Jimmy Heath, a jazz saxophonist, composer and bandleader, died Sunday. He was 93.

Jimmy Heath, a jazz saxophonist, composer and bandleader, died Sunday. He was 93.

Jimmy Heath, a saxophonist, composer and bandleader who played with some of the biggest names in jazz, died Sunday morning in Loganville, Georgia. He was 93.

Heath's death was confirmed by his wife, Mona Heath, WBGO in Chicago reported. Heath's grandson also confirmed the musician's death to NPR.

Heath's career spanned seven decades, and he played his music along with jazz greats Miles Davis, Dizzy Gillespie and John Coltrane, NPR reported.
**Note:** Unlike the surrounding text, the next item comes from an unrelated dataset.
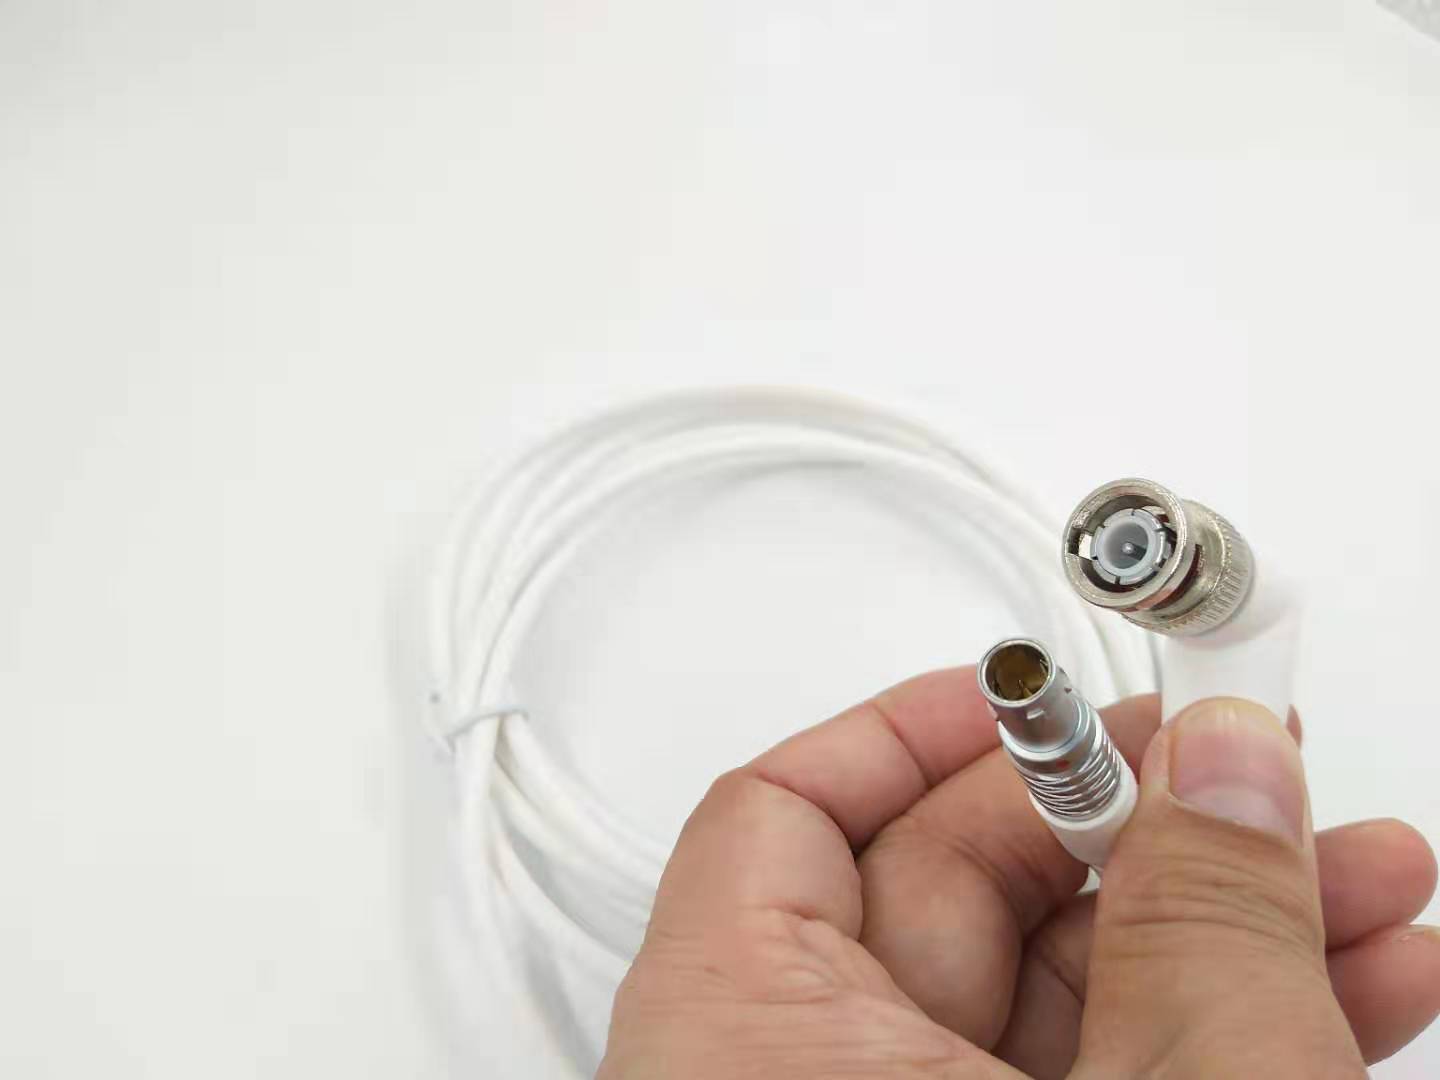 M9推拉式连接器的电缆

Known as a saxophonist, Heath also composed and arranged music.

Davis called Heath "one of the thoroughbreds" of jazz, WBGO reported.

James Edward Heath was born Oct. 25, 1926, in Philadelphia, the radio station reported. His father, Percy Heath Sr., played clarinet in a marching band. His mother, Arlethia, sang in the choir of her Baptist church.

"My father played the clarinet," Jimmy Heath told NPR in 2013. "He was an auto mechanic for a living, but he played the clarinet on the weekends. He'd get it out of the pawnshop and play in a marching band in Philadelphia. But my mother sang in a church choir. But we were privy to have all these great recordings in our home at that time. We heard all the bands. The big bands were prominent at that time."

In 1945 and 1946, Heath played in the Nat Towles Orchestra and toured the Midwest and South, WBGO reported

Heath formed the Jimmy Heath Orchestra in 1946, which featured Coltrane on second alto.

Davis hired Heath on tenor and recorded "C.T.A." (for Connie Theresa Ang, Heath's girlfriend) on the 1953 album, "Miles Davis Volume 1," WBGO reported.

Phil Schaap, the curator of jazz at the Lincoln Center in New York, told NPR that Heath's biggest contribution to music was bringing the 1940s bebop revolution to future generations.

"Moses is dead. The tablets are still here," Schaap told NPR. "Well, Jimmy Heath read the commandments of jazz, and he got the tablets from the great prophets. And he used it his way to great benefit, and he even fed it back towards the prophets. You know, Miles Davis used his stuff. Charlie Parker used his stuff. And John Coltrane was nurtured by Jimmy Heath."